*** Opening of Stored data ***
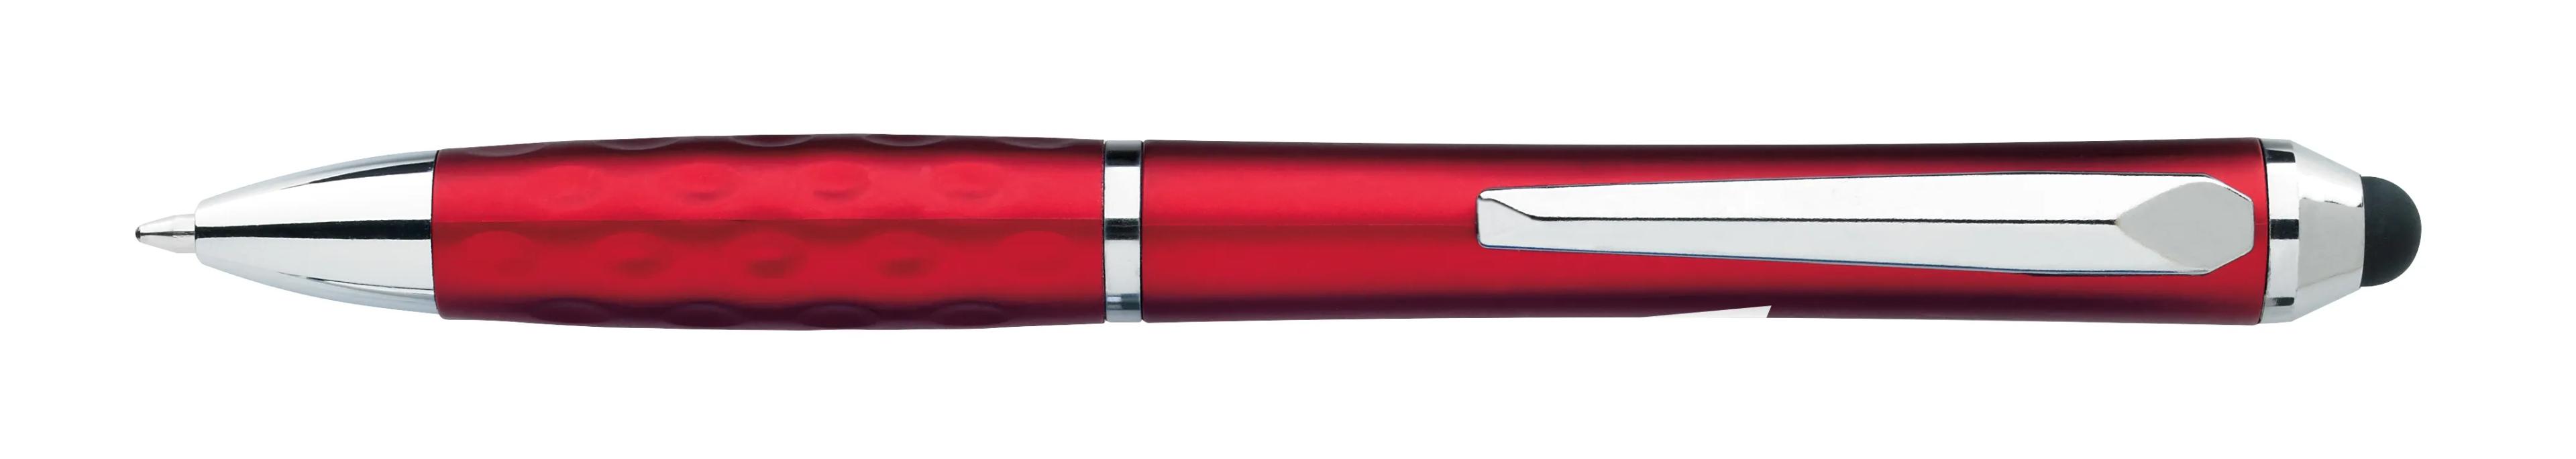 Tev Metallic Stylus Pen 40 of 77
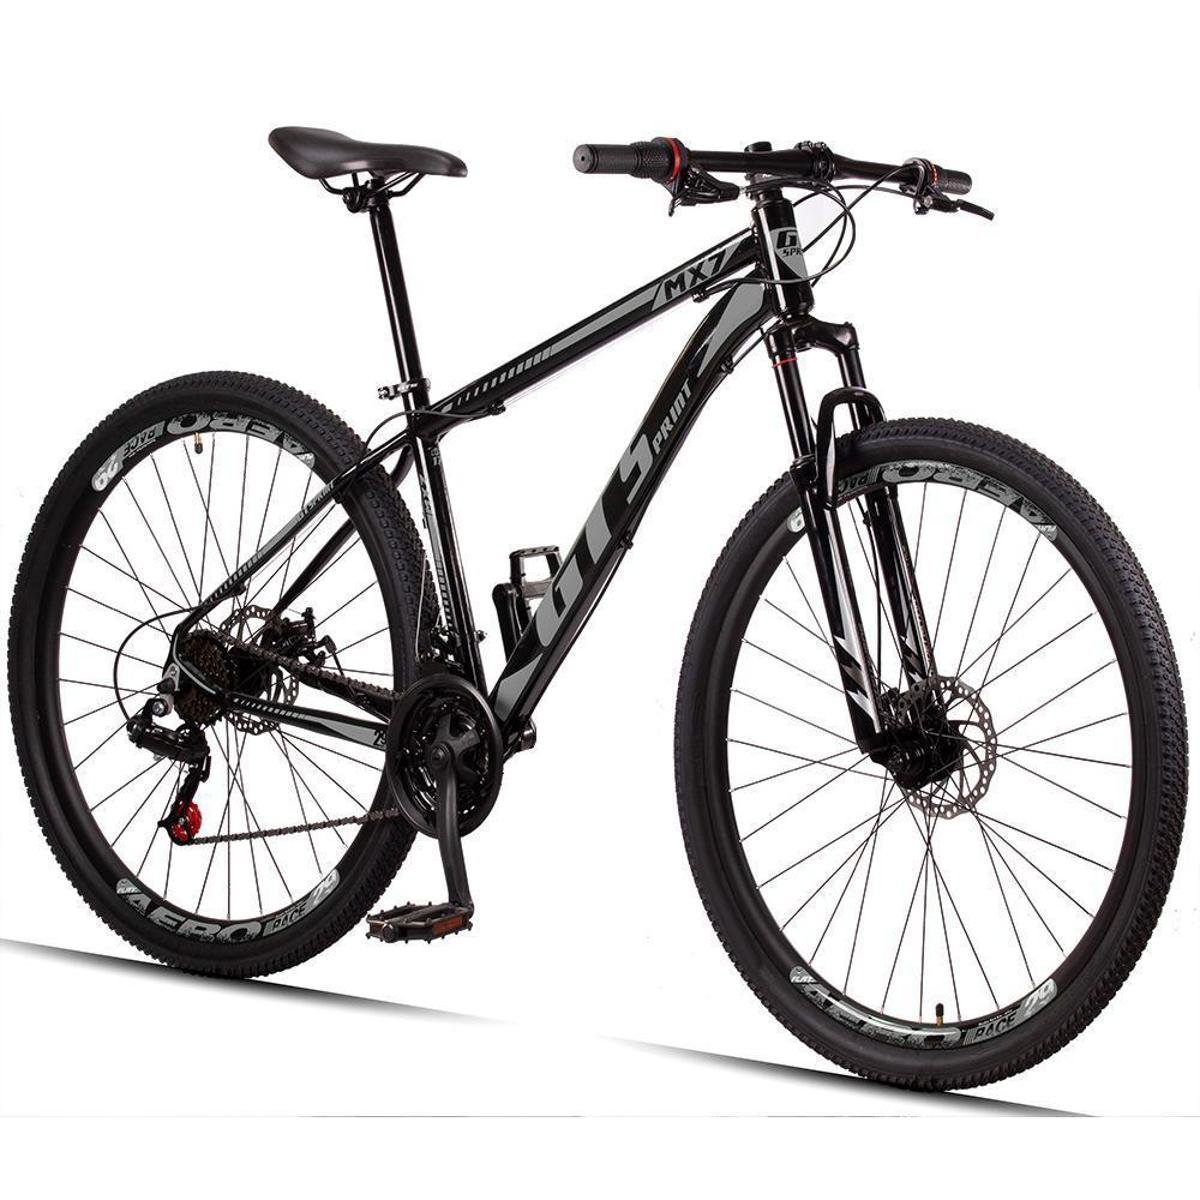 Bicicleta aro 29 GT Sprint mx7 21v freio disco MTB alumínio – Preto+Cinza
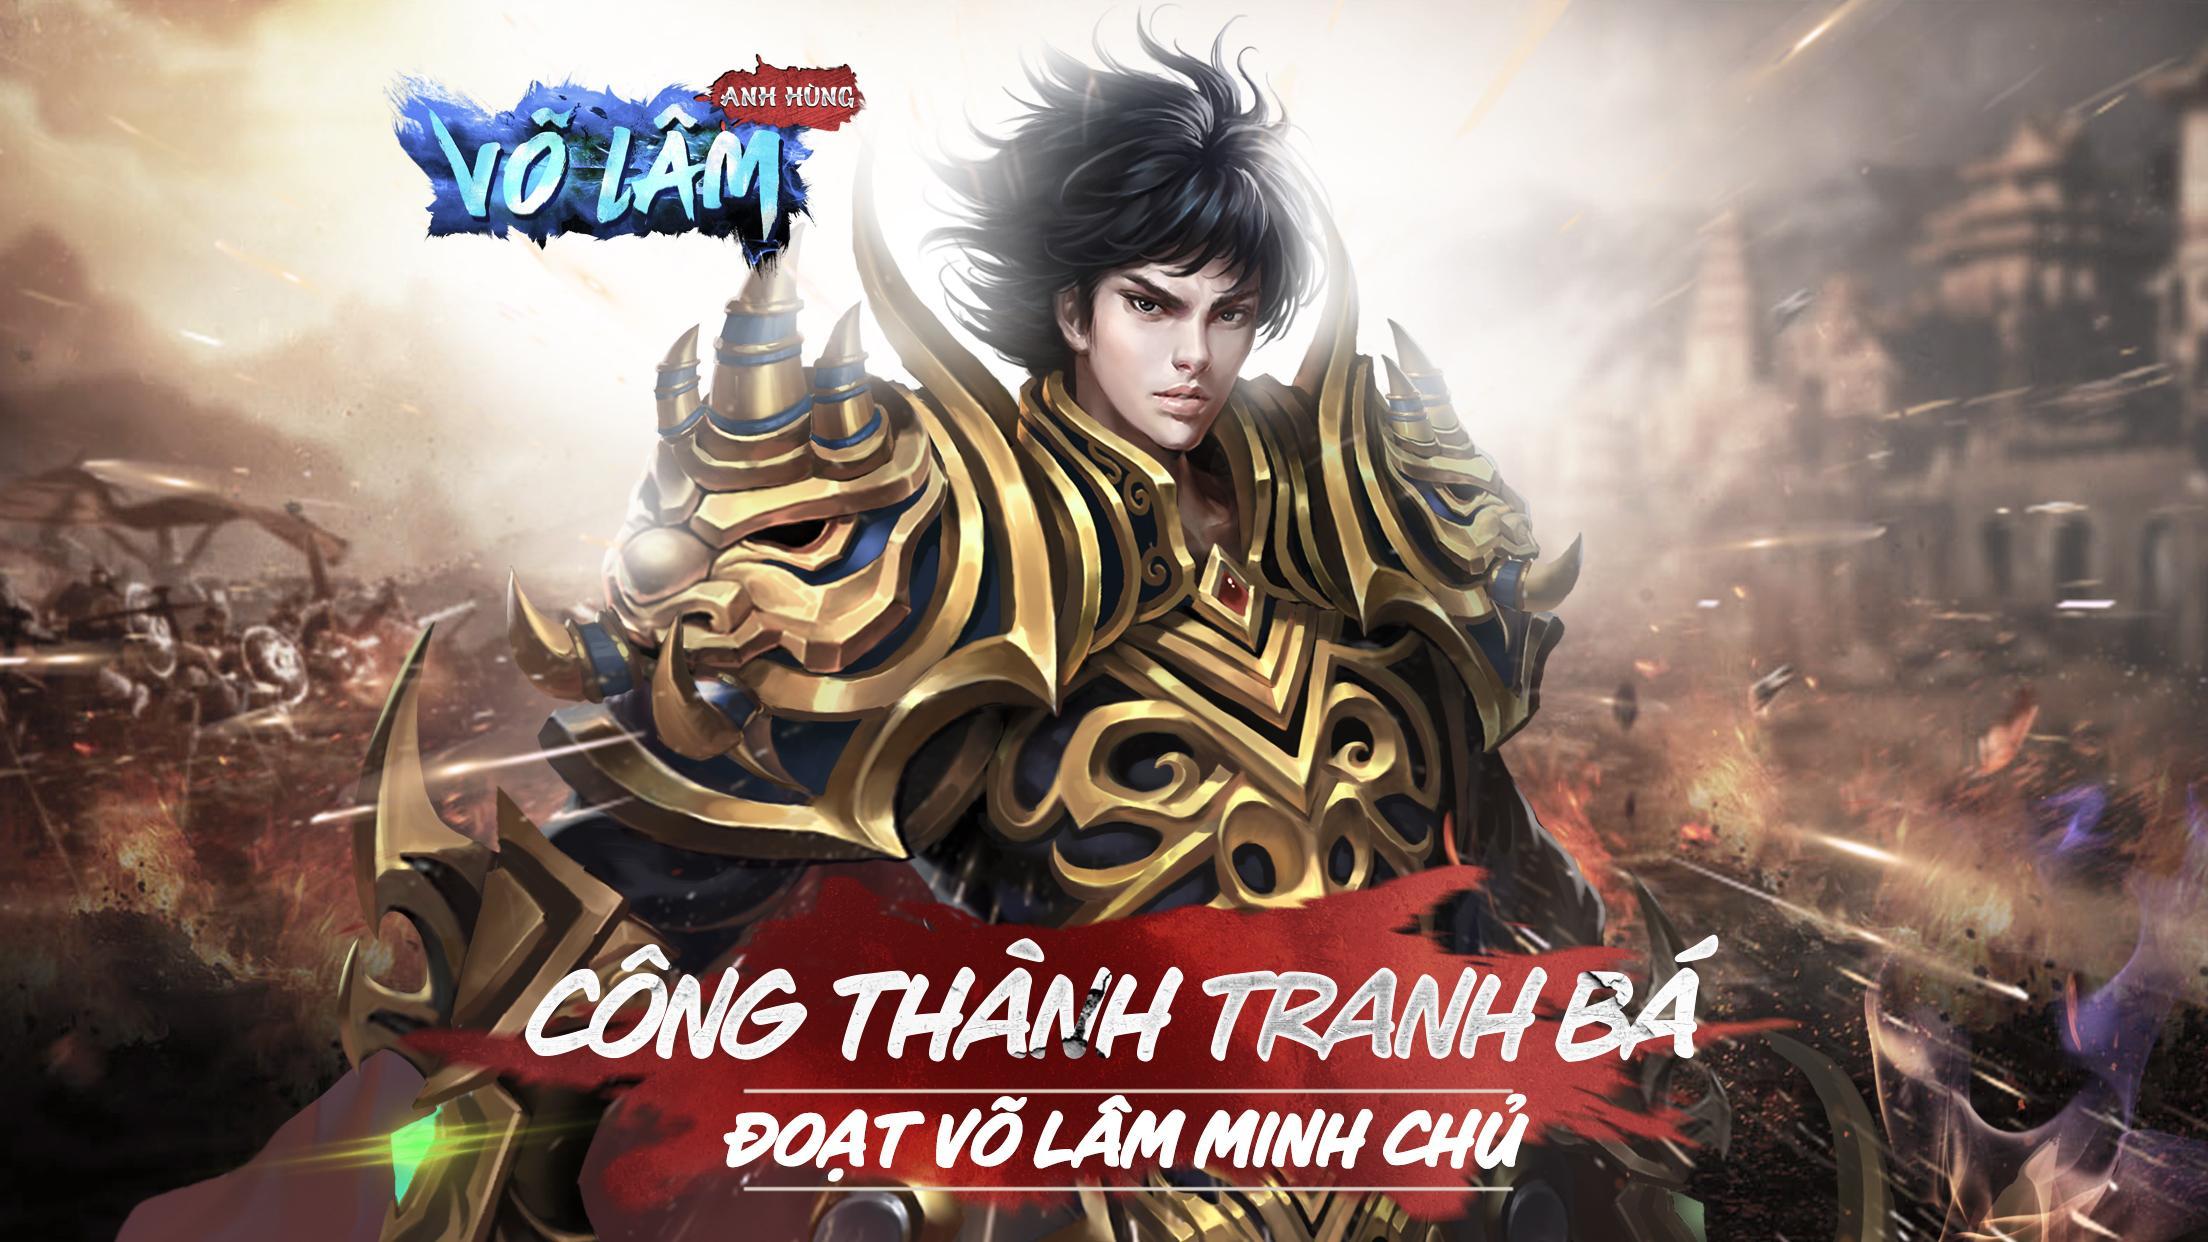 Screenshot 1 of Wira Vo Lam-Cong Thanh 1.0.99635.100
*** Close of Stored data ***
• **Task**
Line by line, give the material above again exactly, but without any pictures.

• **Task answer**
 Tev Metallic Stylus Pen 40 of 77
 Bicicleta aro 29 GT Sprint mx7 21v freio disco MTB alumínio – Preto+Cinza
 Screenshot 1 of Wira Vo Lam-Cong Thanh 1.0.99635.100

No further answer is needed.